Database redundancy is something that many folks would let out in a staging environment, for reasons I can well understand. However, if you encounter database replication problems in production, there is no place you can debug this - except, well, in production. So again, I'd recommend that you also have this redundancy in the staging environment. But of course, it depends on how mission critical you believe your web site is, as well as your budget, server space and so on.

Another comment about the staging environment: since it's to ressemble your real environment, the machines need to be so as well. If you're not using virtualisation in production, don't do it in staging either. I've had customers desperately wanting to debug I/O problems they face in production, but are left up the creek without a paddle since they don't have a staging environment which features a credible test environment for them.

I cannot stress this enough: having a real, credible, trustworthy staging environment is a sound investment for your company.

The staging environment should also have real content and not test content. Many bugs on your web site will be triggered because of the particularities of the content produced/presented or the way the site is used. Hence, to catch these bugs, be sure to populate your staging environment with real content. One way of doing this, is to do weekly database imports from the production environment.

Suggested architecture

Load balancer, real hosts (if your production environment uses this), two DBs, two cache servers and two web/application servers. Deployment of RCs of your portal software, i.e. not that often.

Production Environment

The environment serving your website.

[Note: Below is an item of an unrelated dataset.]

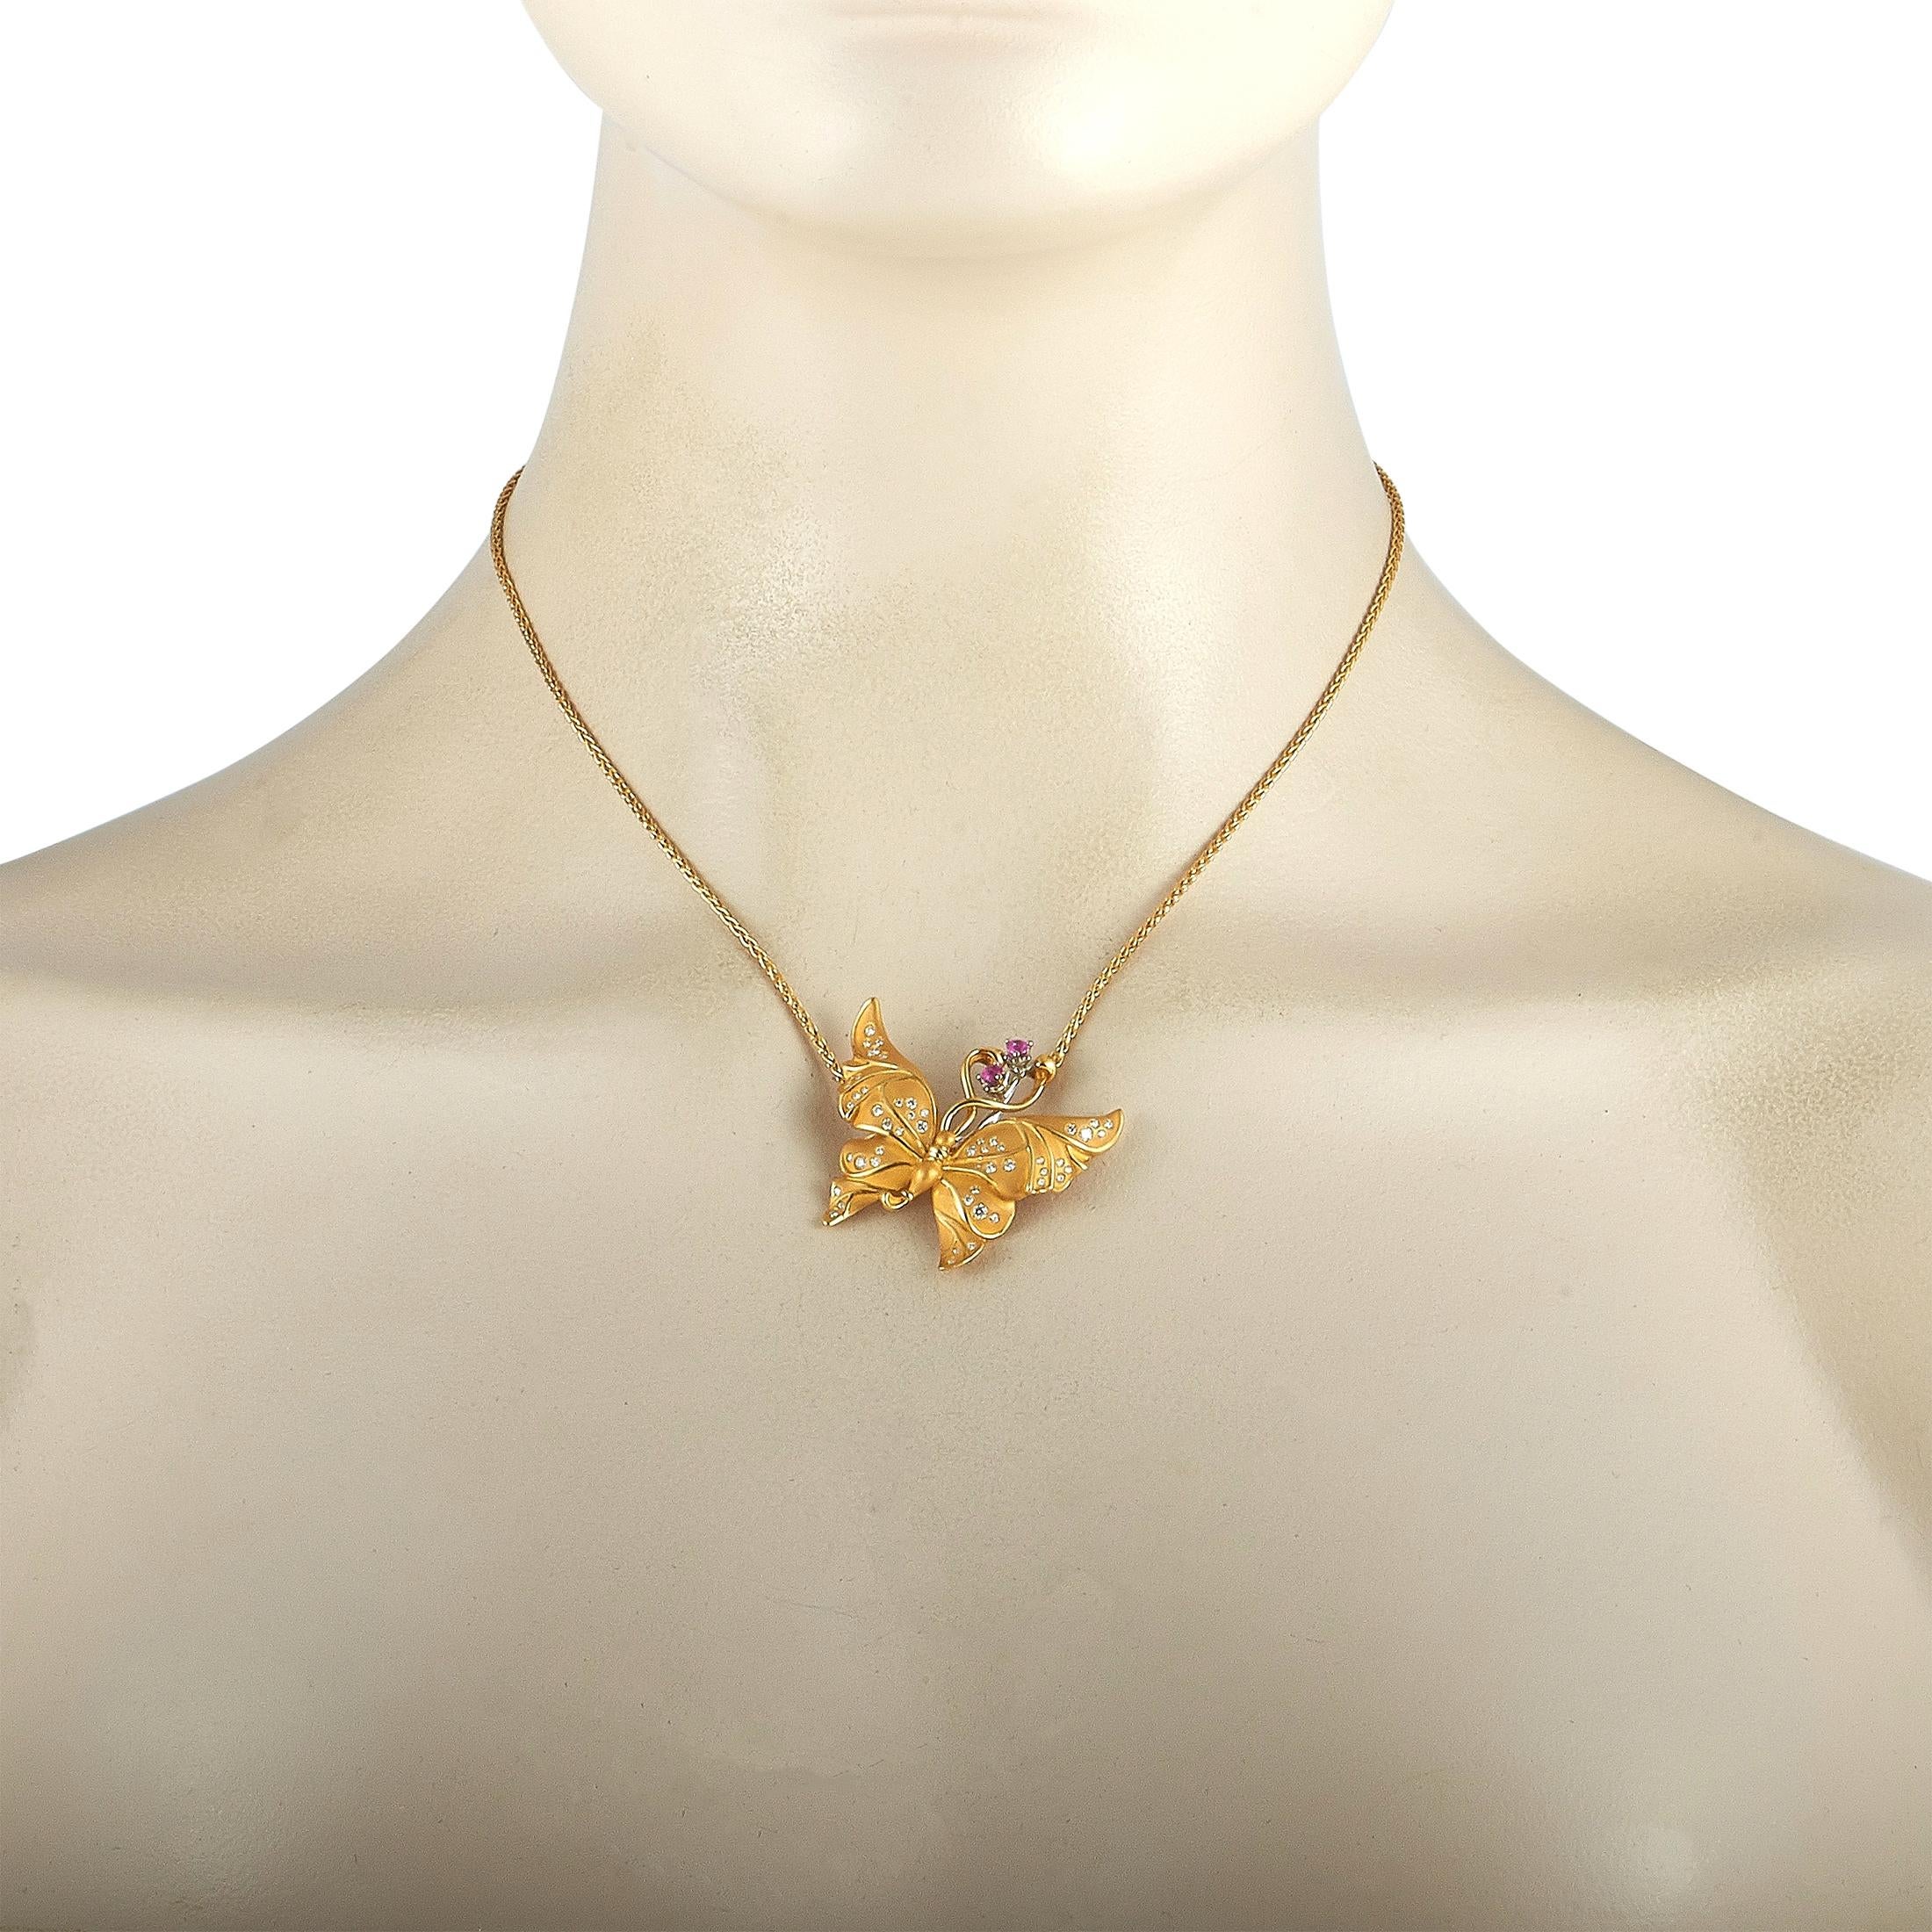 This Carrera y Carrera necklace is made of 18K yellow gold and embellished with diamonds and sapphires that total 0.50 and 0.40 carats respectively. The necklace weighs 16.5 grams and is presented with a 16” chain, boasting a butterfly pendant that

Whateveer site you have, you should at least have: a load balancer, two cache servers, two web and/or application servers and two database servers.

Since the usage scenario is very different of the web facing servers and that of the application server and database servers, I recommend having these components on physcially separated hosts. This way, you can tweak the OS on the different hosts to specially cater for the server software running on it. See e.g. my article on optimising the TCP connection handling for an example of this.

All critical services, such as the DB, should have a virtual IP (VIP) with a heartbeat checking the availbility of those servers and shifting the VIP to the hot standby server for that component.